Interval data is most commonly used in areas like statistical research, for grading exams, measuring IQ, applying credit ratings, carrying out scientific studies on a population, or performing measures of probability.
5. How to analyze interval data
The level of measurement you use will inform the type of analysis you carry out on your data. Regardless of scale, however, there are two main categories of analysis you will use: descriptive and inferential statistics.
Descriptive statistics summarize the characteristics of a dataset. Inferential statistics draw comparisons between samples and offer insights (or ‘infer’ information) based on those data. You can learn more about the difference between descriptive and inferential statistics here. For now, let’s explore some common descriptive and inferential techniques you can use on interval data.
Descriptive statistics for interval data
Descriptive statistics you can obtain using interval data include:
- Frequency distribution
- Central tendency: Mode, median, and mean
- Variability: Range, standard deviation, and variance
Let’s look at each of these now.
Frequency distribution looks at how data are distributed. Let’s say you take temperature measurements in the city you live in every day throughout the year. Your measurements range from -15 degrees Fahrenheit to +90 degrees Fahrenheit. You might represent this information using a table. Using this simple example, here’s how this might look:
The values in the frequency column show the distribution of temperature measurements across the year. Another method is to visualize the data, for instance using a pie chart.
The important thing to note here is that the relationship between different categories is both hierarchical and evenly spread, i.e. the number of degrees Fahrenheit measured in the category ‘30 to 45’ is the same as the number of degrees Fahrenheit measured in the category ‘45 to 60,’ and so on.
Measures of central tendency: Mode, median, mean
Using interval data, it is possible to measure all three measures of central tendency. These are:
- The mode (the value occurs most often in your dataset)
- The median (the central value)
- The mean (the average value)
It’s easy to identify the mode by looking at the pie chart or pivot table. As we can see, throughout the year, the temperature most often falls somewhere between 60 and 75 degrees Fahrenheit.
We can also identify the median value. This is the value at the center of your dataset. Since measurements in our temperature dataset were taken on 365 days of the year, we can determine that the median value is 183rd value. This is the 45 to 60 degrees Fahrenheit category. The center point of this category is 52.5 degrees, so this is our median value (or the best possible estimate, using grouped data).
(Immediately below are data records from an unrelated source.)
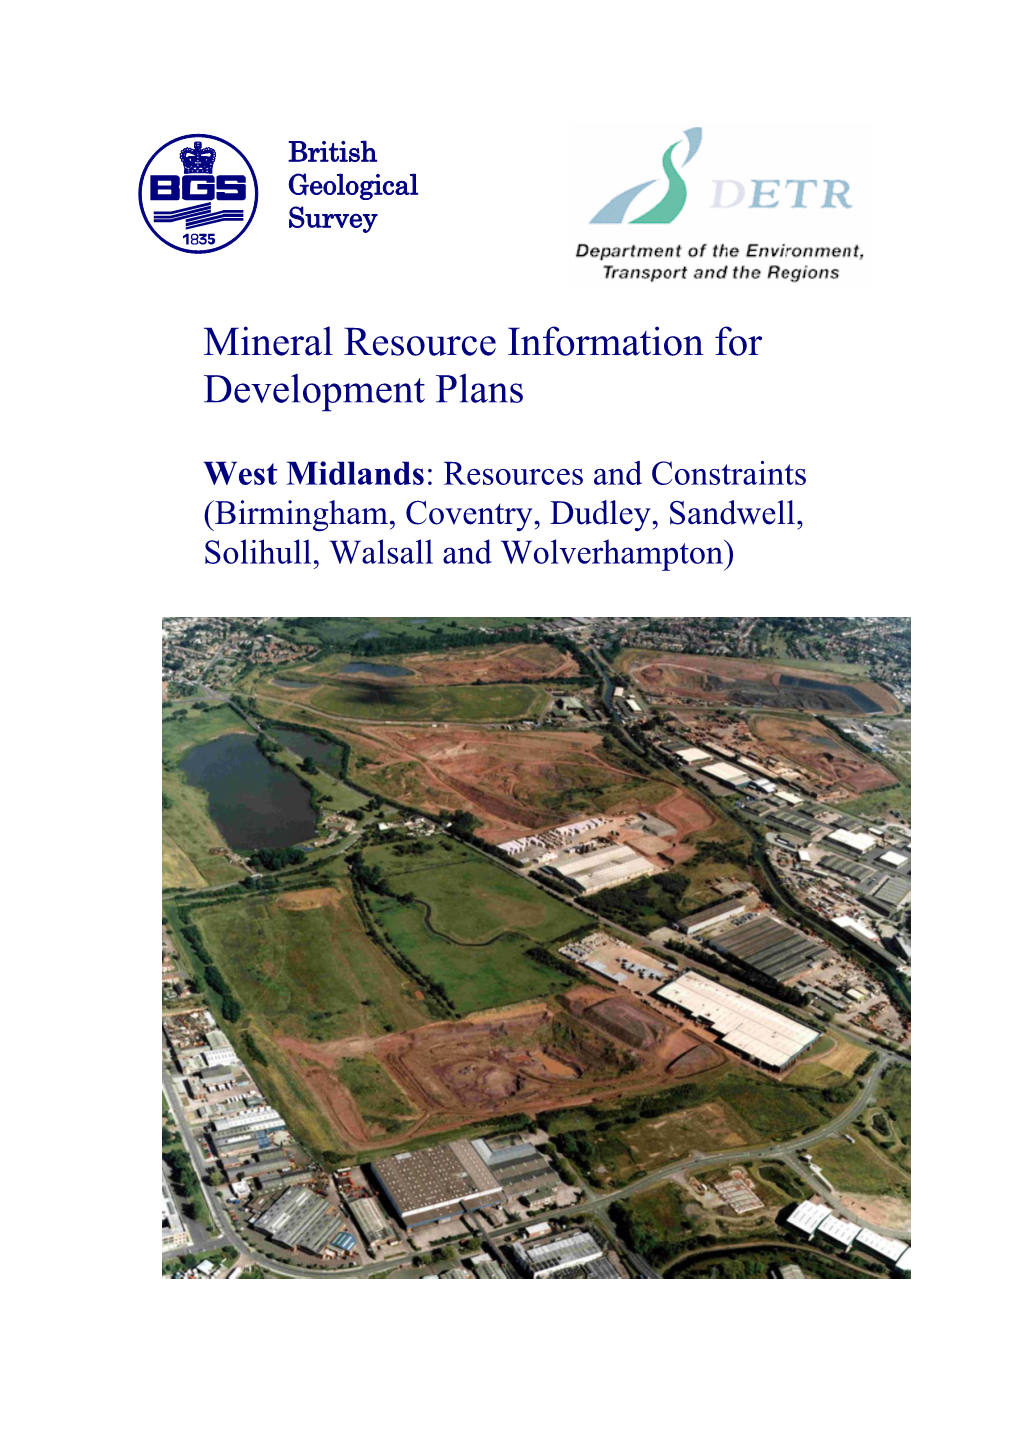 Mineral Resources Report for West Midlands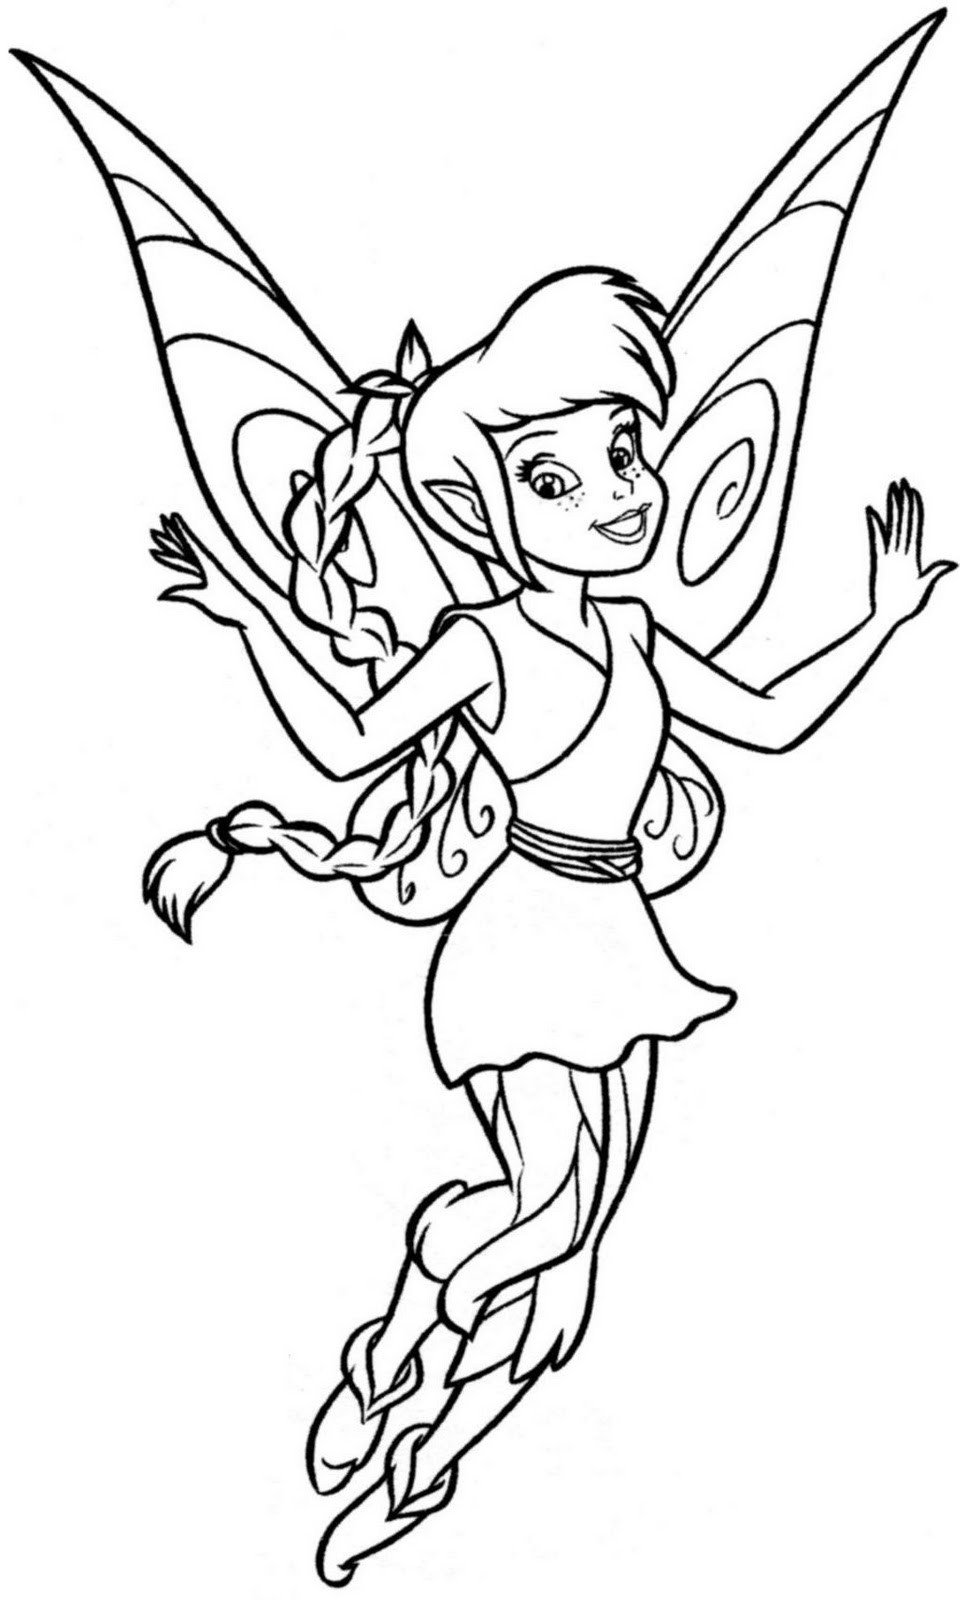 Fairy Coloring Pages For Kids
 Cute Cartoon Wallpaper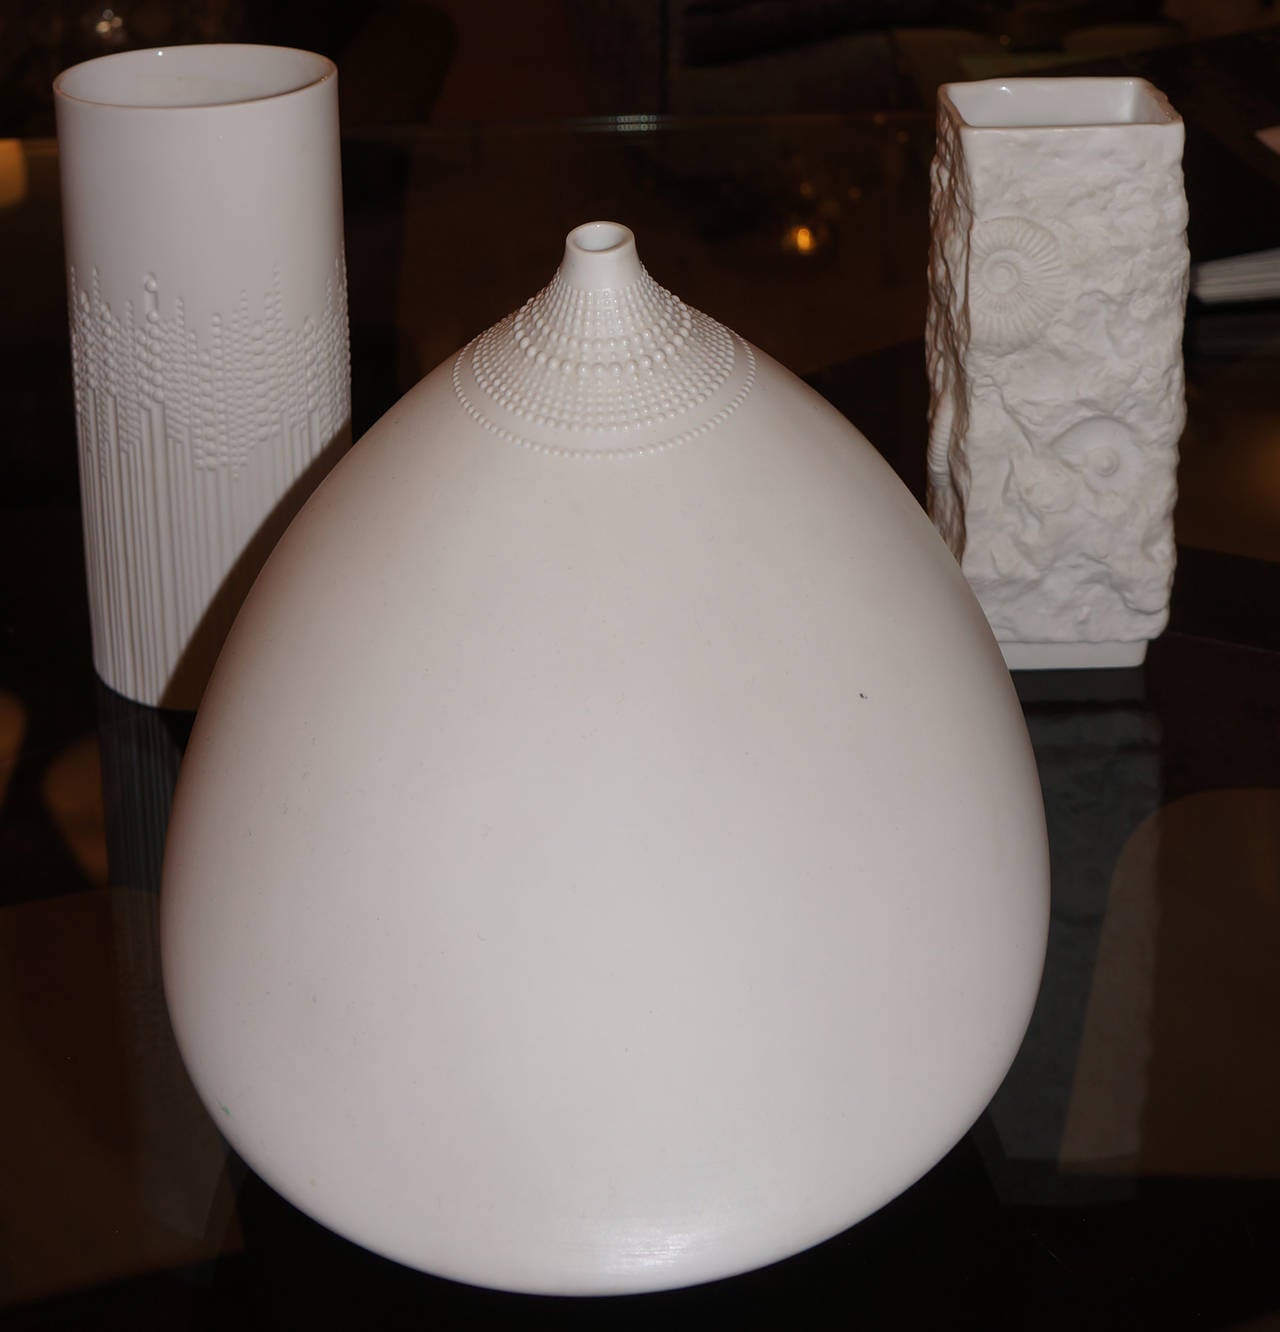 Balanced group of three German, Mid-Century white porcelain vases . Two,  the largest one and the tall oval one, are by Tapio Wirkalla for  Rosenthal. The third vase with fossils engraved was made by Kaiser, another well know German pottery maker.

Finally, we can calculate the mean temperature. For grouped data, this involves first calculating the midpoint of each group. We can add this to our table. Next, we must find the product of each midpoint and its corresponding frequency, which we can also add to our table.
By dividing the sum of frequency x product by the sum of frequencies themselves, we obtain our mean temperature. Doing a quick calculation (20,437.5 divided by 365) gives us a mean temperature of 56 degrees Fahrenheit.
Measures of variability: Range, standard deviation, and variance
Range, standard deviation, and variance are all important measures of variability that you can extract from interval data.
The range is the simplest measure to determine—it describes the difference between the smallest and largest value. It helps explain the distribution of the data points. Because our weather data is already numeric, we can easily calculate this. Our measurements range from -15 to 90. Doing the math (90 – [–15]) tells us that the range is 105.
The standard deviation (which measures the amount of variation or dispersion in a set of values) and the variance (which measures variability from the mean) are more complex measures to calculate. Rather than getting into detail here, we recommend checking out the difference between variance and standard deviation when you have a bit of spare time to get your head around them!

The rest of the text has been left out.